LogLikelihood returns the log-likelihood of observing a particular sequence of pass/fail results (Y_0, Y_1 ... Y_{n-1}) of a known length. i.e. returns log(P(Y)).

See LogLikelihoodPartial for more details.

func (SequenceLikelihood) LogLikelihoodPartial

func (s SequenceLikelihood) LogLikelihoodPartial(x, n int, maxProportion float64) float64

LogLikelihoodPartial returns the log-likelihood of:

  • observing a particular binary sequence Y_0, Y_1 ... Y_{n-1}, knowing its length AND
  • concurrently, the underlying proportion p (= P(Y_i = 1)) that led to that sequence being less than or equal to maxProportion.

i.e. the method returns log(P(Y AND p <= maxProportion)).

The following assumptions are made:

  • Y ~ BernoilliProcess(p, n), i.e. Y is n independent samples of a bernoilli process with probability p of observing a 1.
  • p ~ Beta(a, b), i.e. p is unknown but taken from a Beta distribution with parameters a and b. If a = b = 1 is provided, the Beta distribution collapses to the uniform (uninformative) prior. In practice, where test failure rate is being modelled, a and b < 1 make more sense as tests tend towards being either consistently failing or consistently passing.

maxProportion must be between 0.0 and 1.0 (inclusive), and if it is 1.0, the method returns P(Y).

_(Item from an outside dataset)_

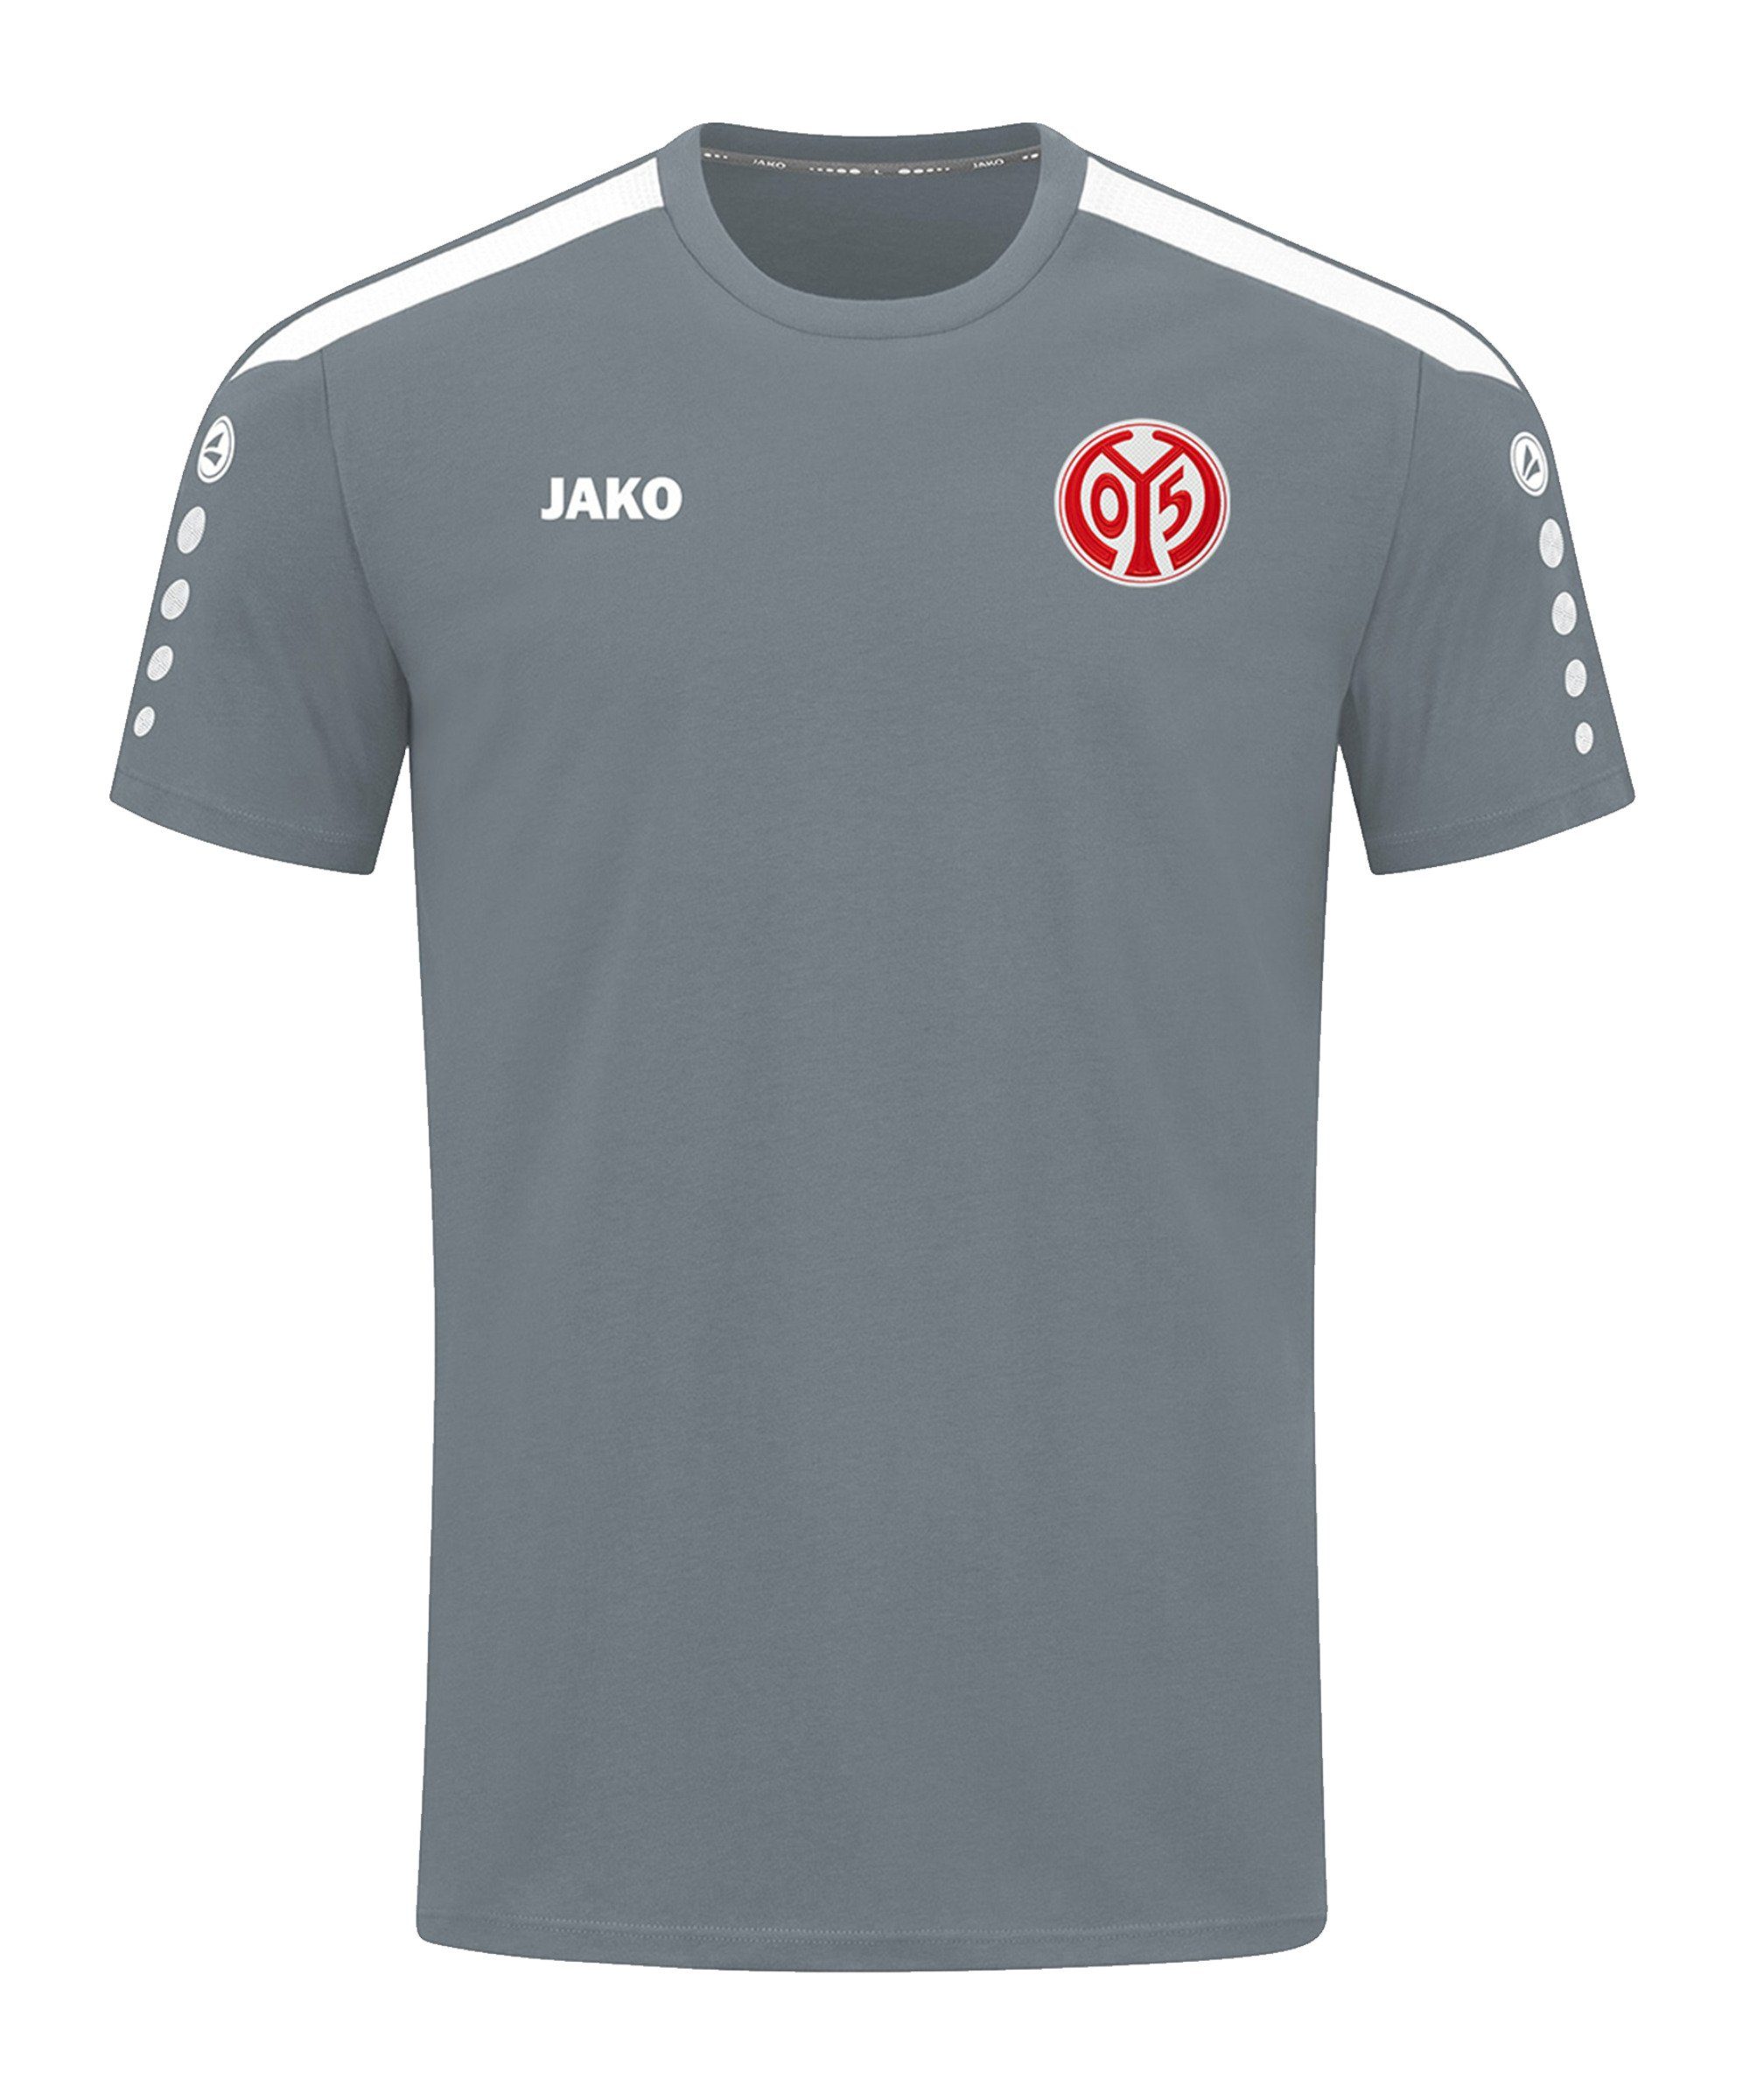 T-Shirt 1. Jako default FSV grau T-Shirt Power 05 Mainz

While the method returns the probability of observing a precise sequence Y, the only statistics needed to evaluate this probability is x (the number of elements that are true) and n (the total), so these are the only values accepted as arguments. (As such, inputs are also constrained as 0 <= x <= n.)

Log-likelihoods are returned, as for larger values of n (e.g. n > 100) the probabilities for any particular sequence can get very small. Working in log-probabilities avoids floating point precision issues.